**Work item:** Reproduce the listing below exactly, except for its pictures.

**Recorded information:**
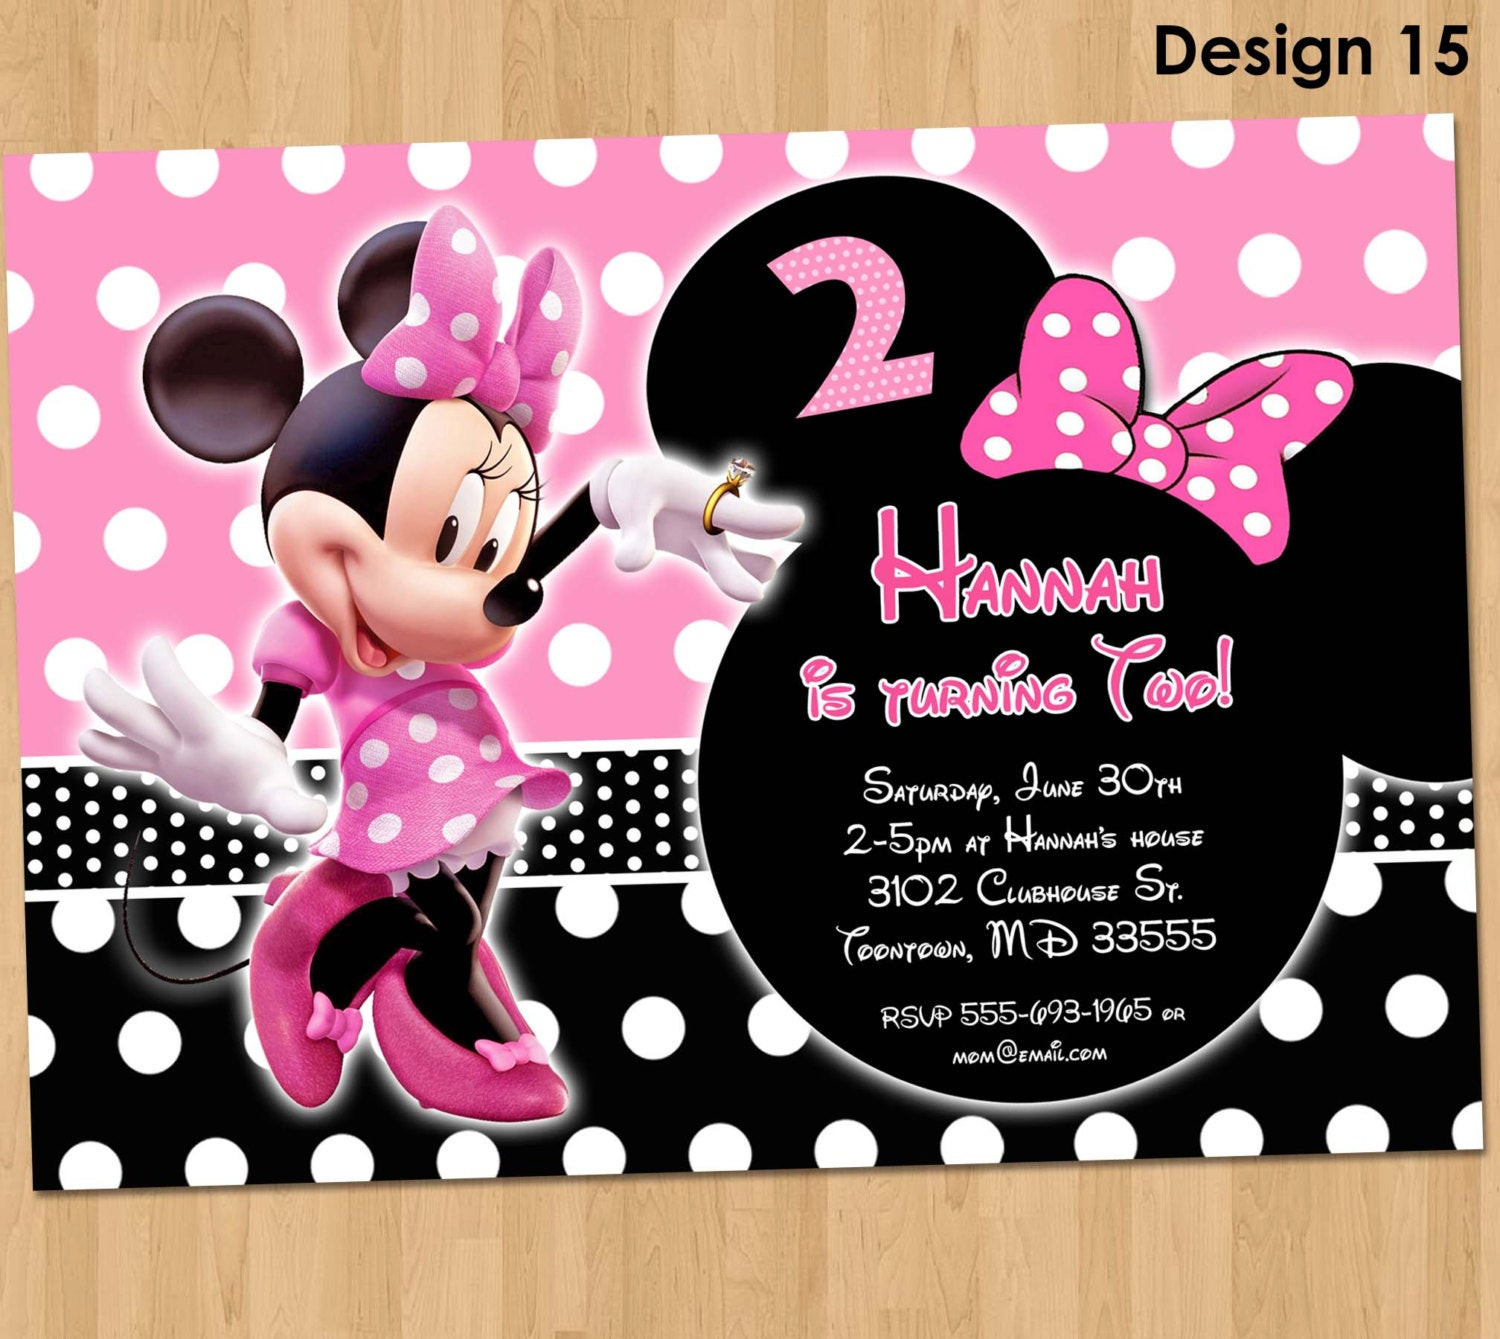 Minnie Mouse Birthday Party Invitations
 Minnie Mouse Invitation Minnie Mouse Birthday Invitation
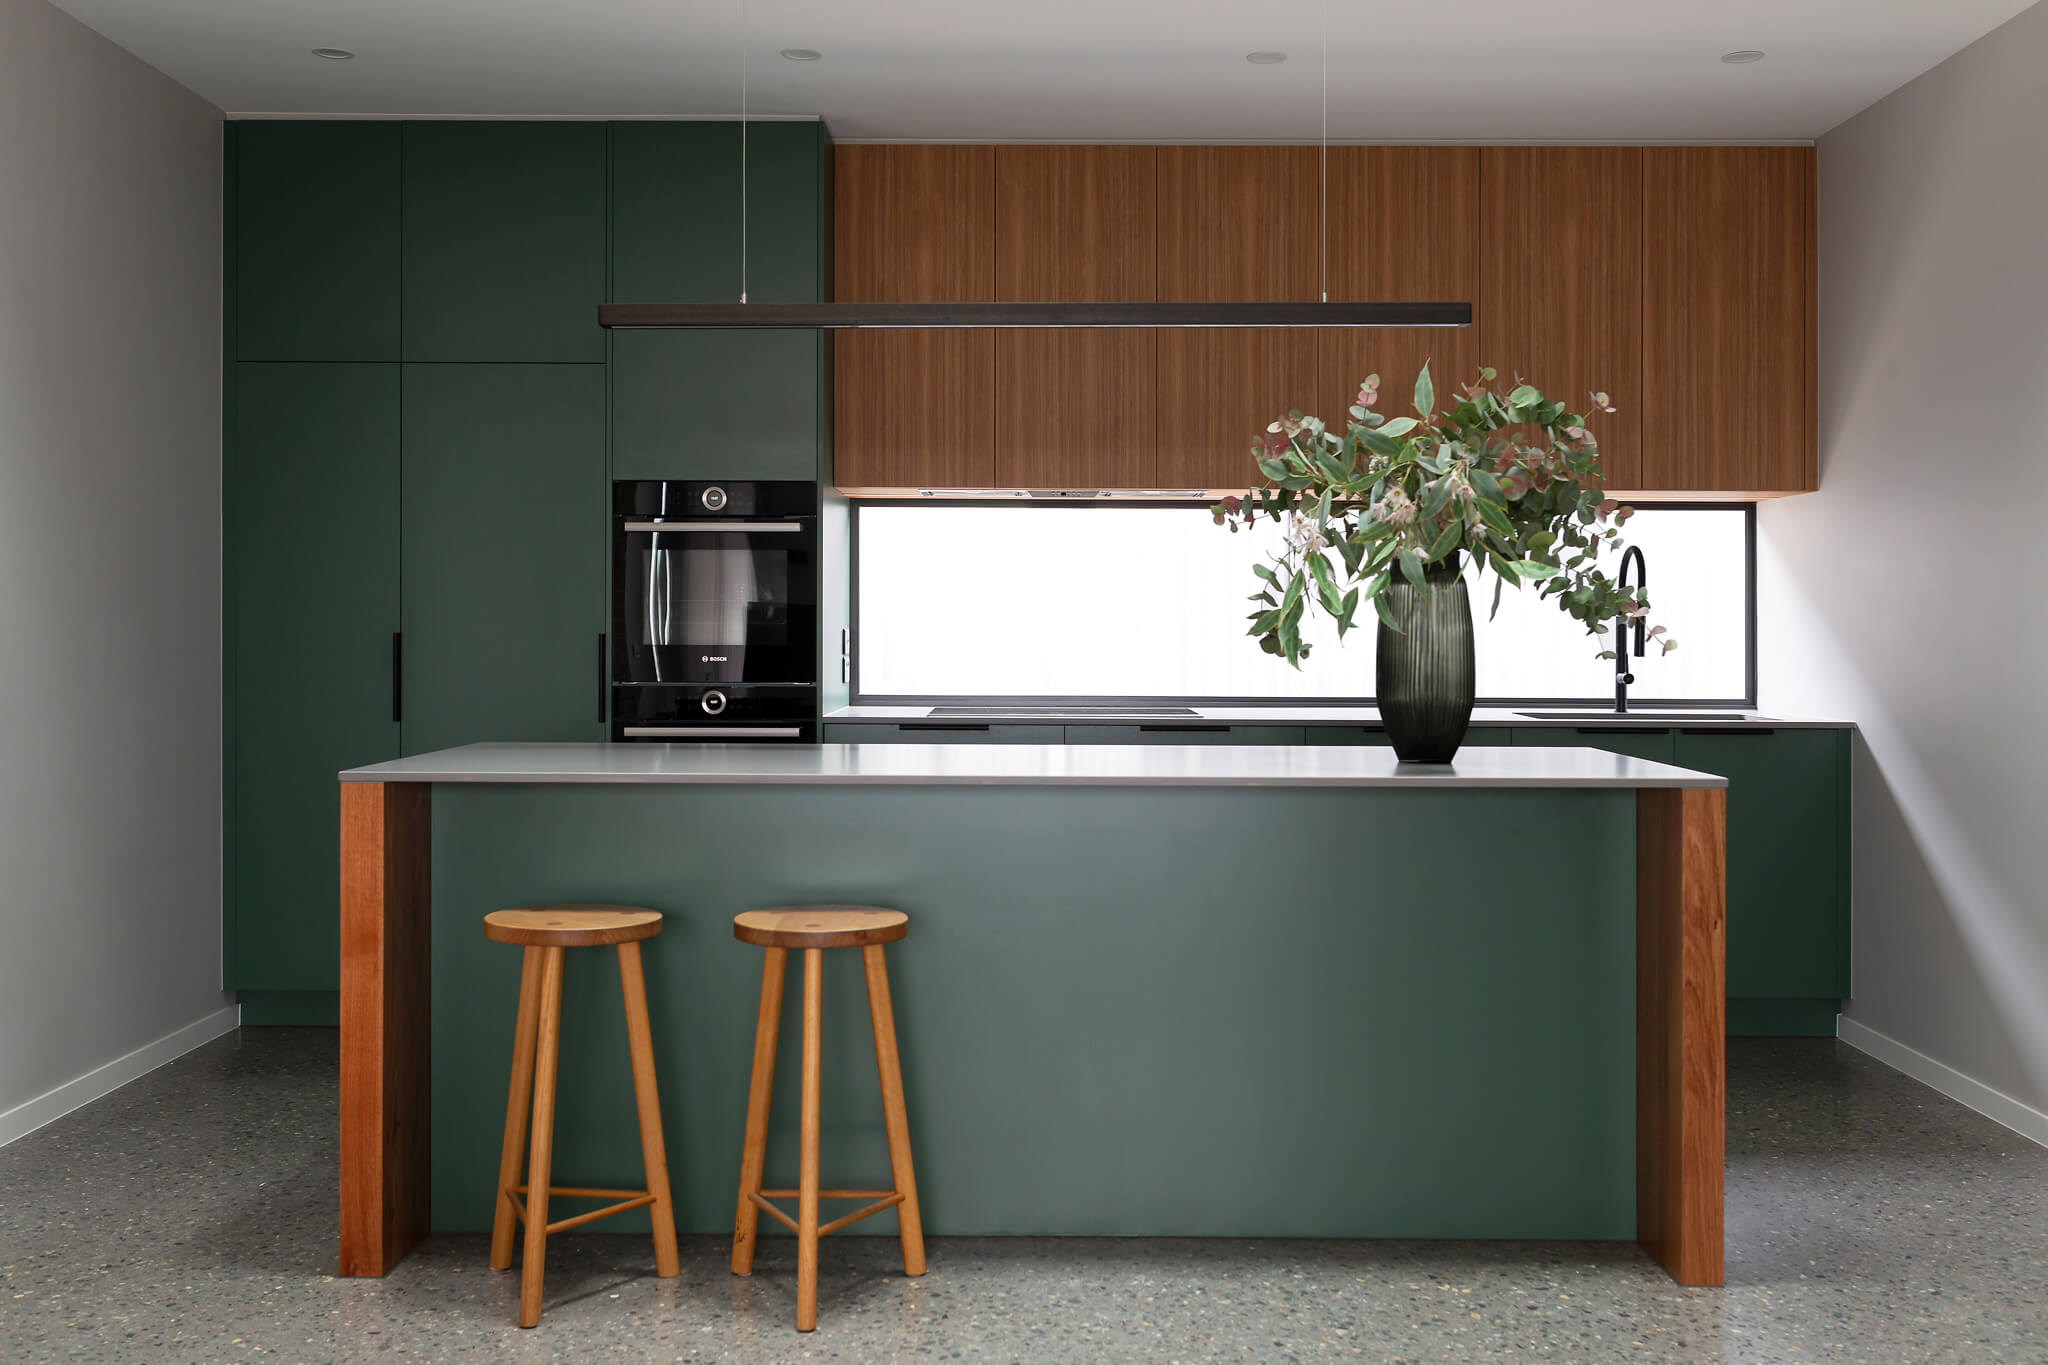 Strathnairn Residence, Interior design and styling by Studio Black Interiors, Canberra, Australia

**Output:**
 Minnie Mouse Birthday Party Invitations
 Minnie Mouse Invitation Minnie Mouse Birthday Invitation
 Strathnairn Residence, Interior design and styling by Studio Black Interiors, Canberra, Australia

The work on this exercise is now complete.